• What is needed:
Only the lines from the one with "Monmouth Scientific |" to the end of the data below should be given again, exactly, with both ends included and pictures omitted.

• Stored data:
....
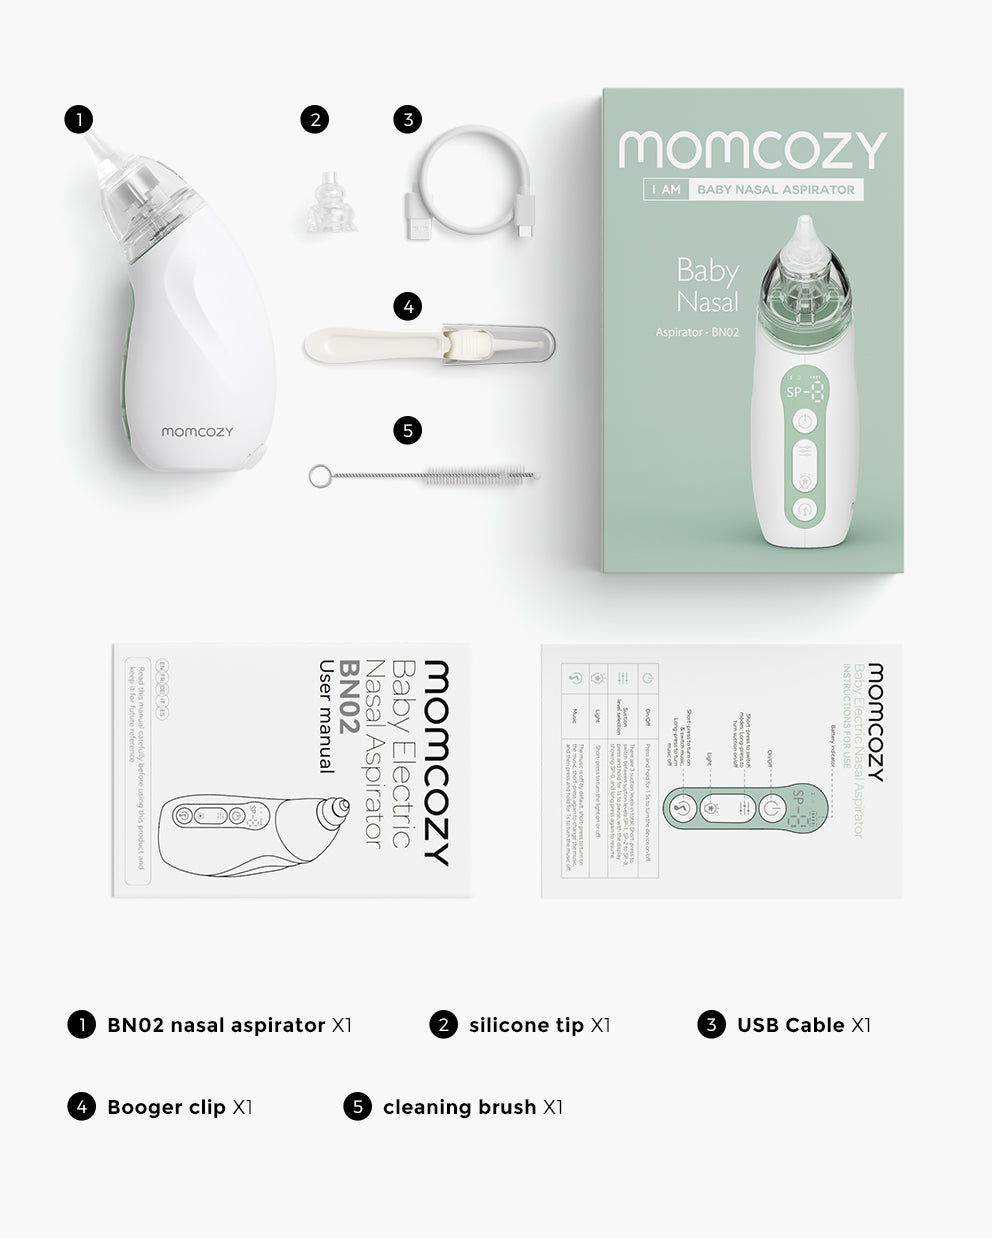 Momcozy Baby Nasal Aspirator- Long Battery Life
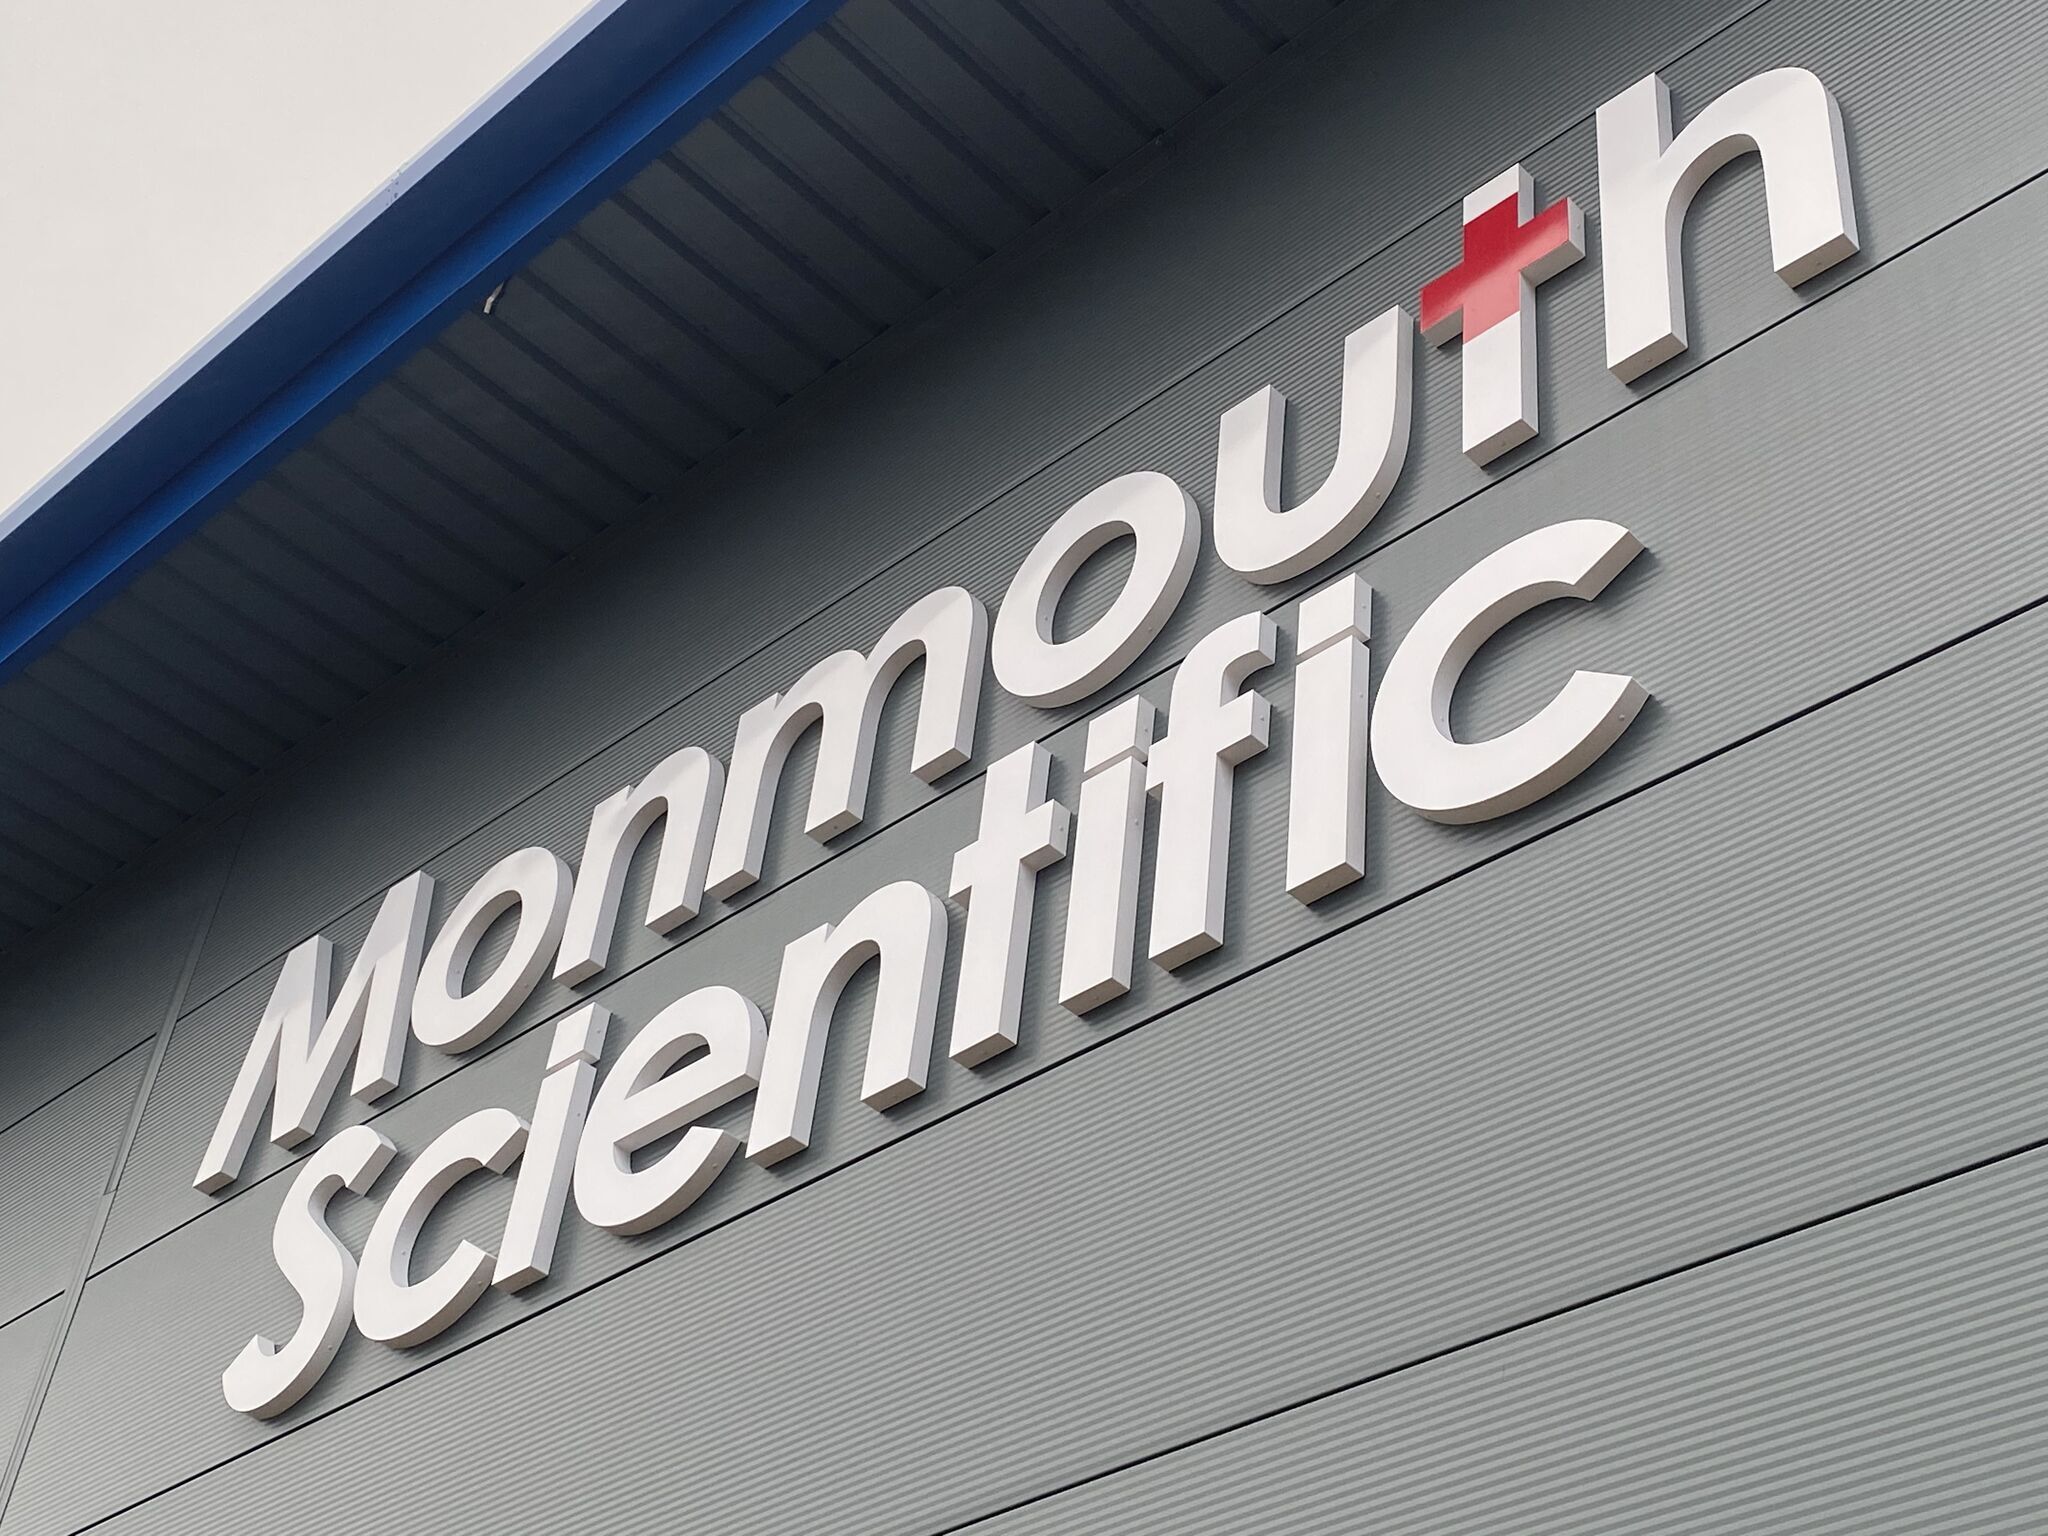 Monmouth Scientific | New HQ Building Updates
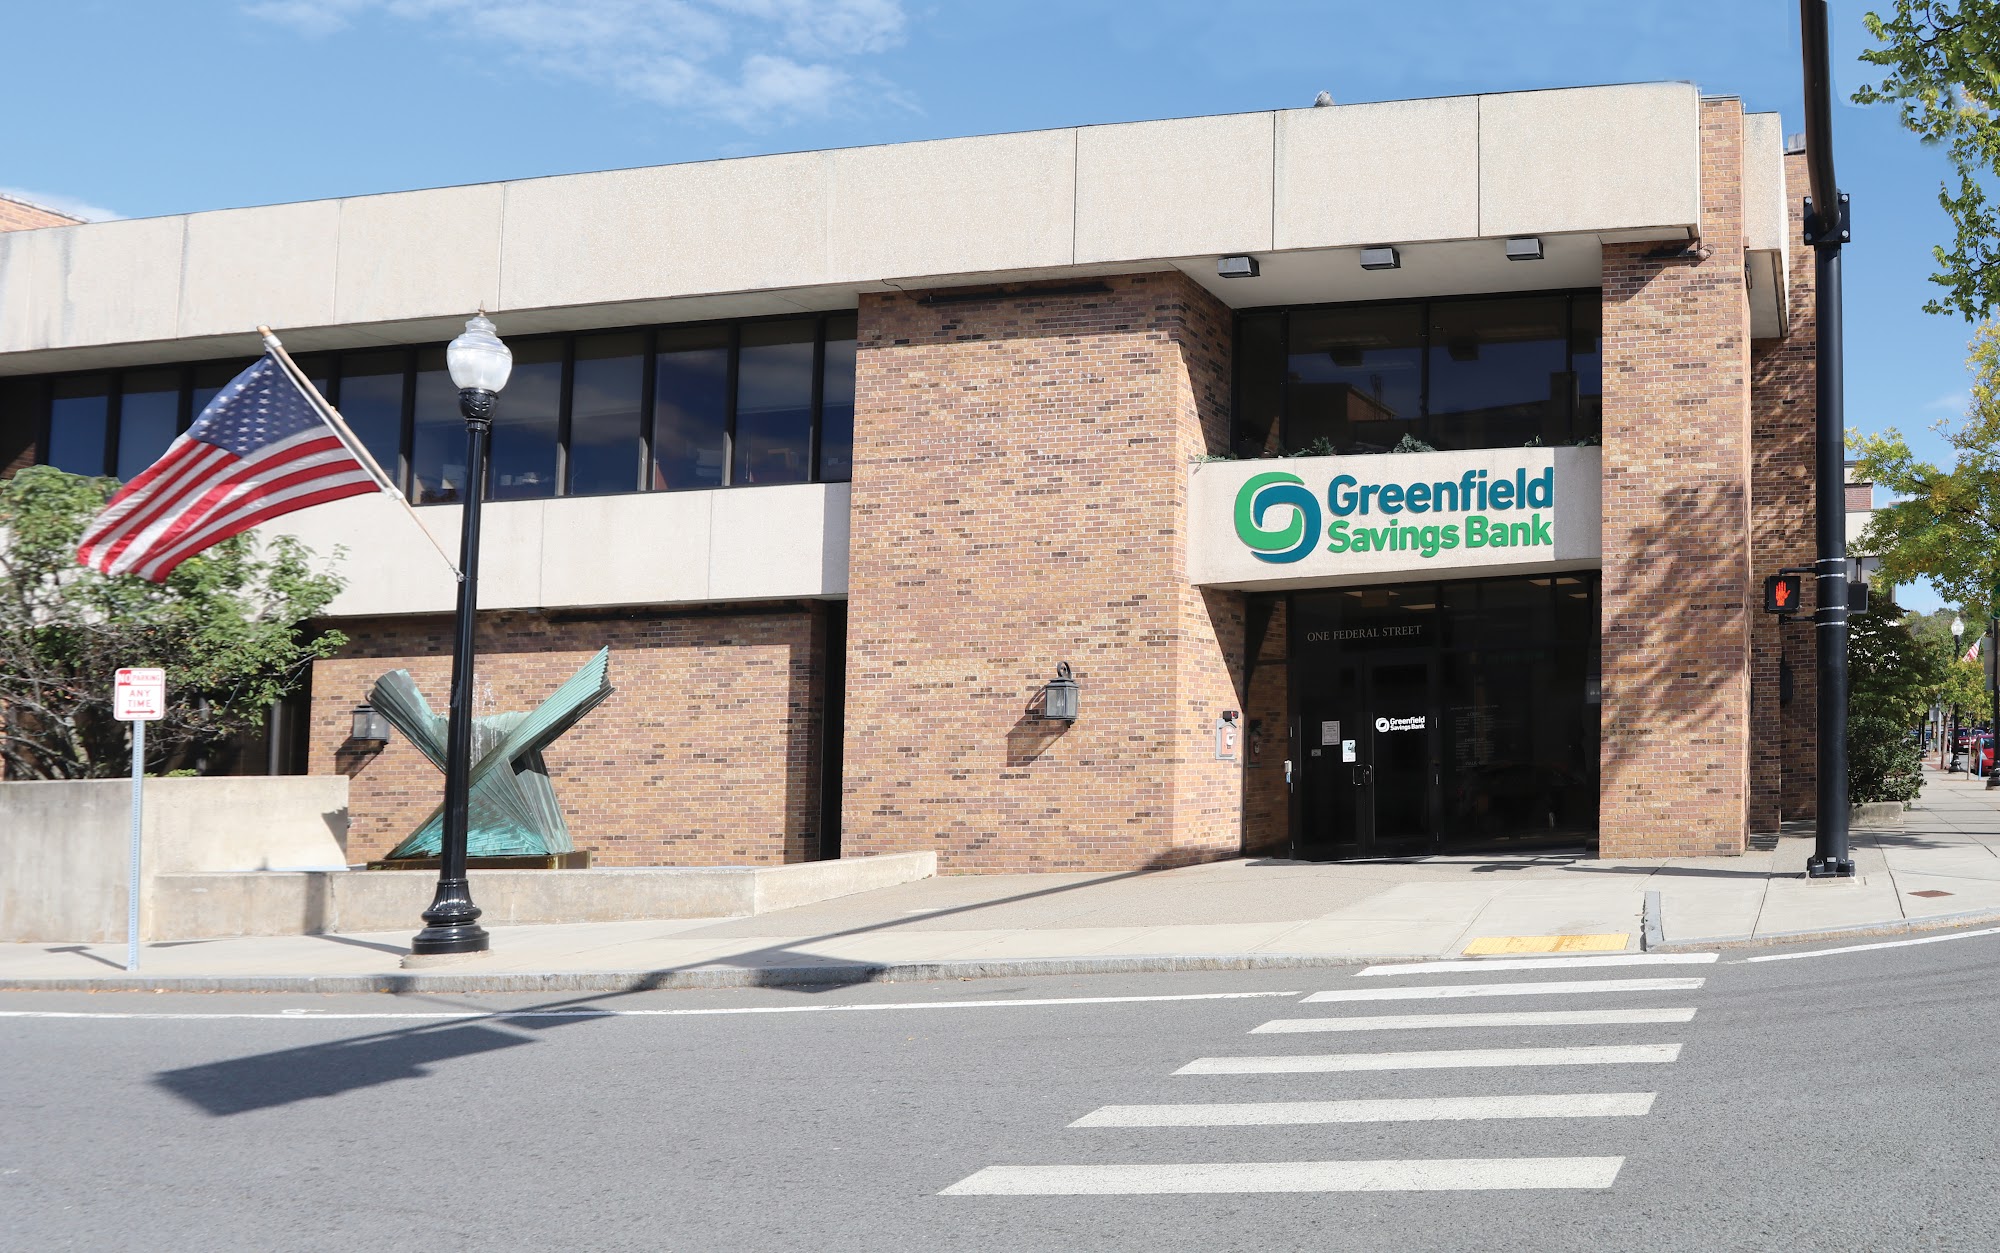 Greenfield Savings Bank
....
• Task output:
 Monmouth Scientific | New HQ Building Updates
 Greenfield Savings Bank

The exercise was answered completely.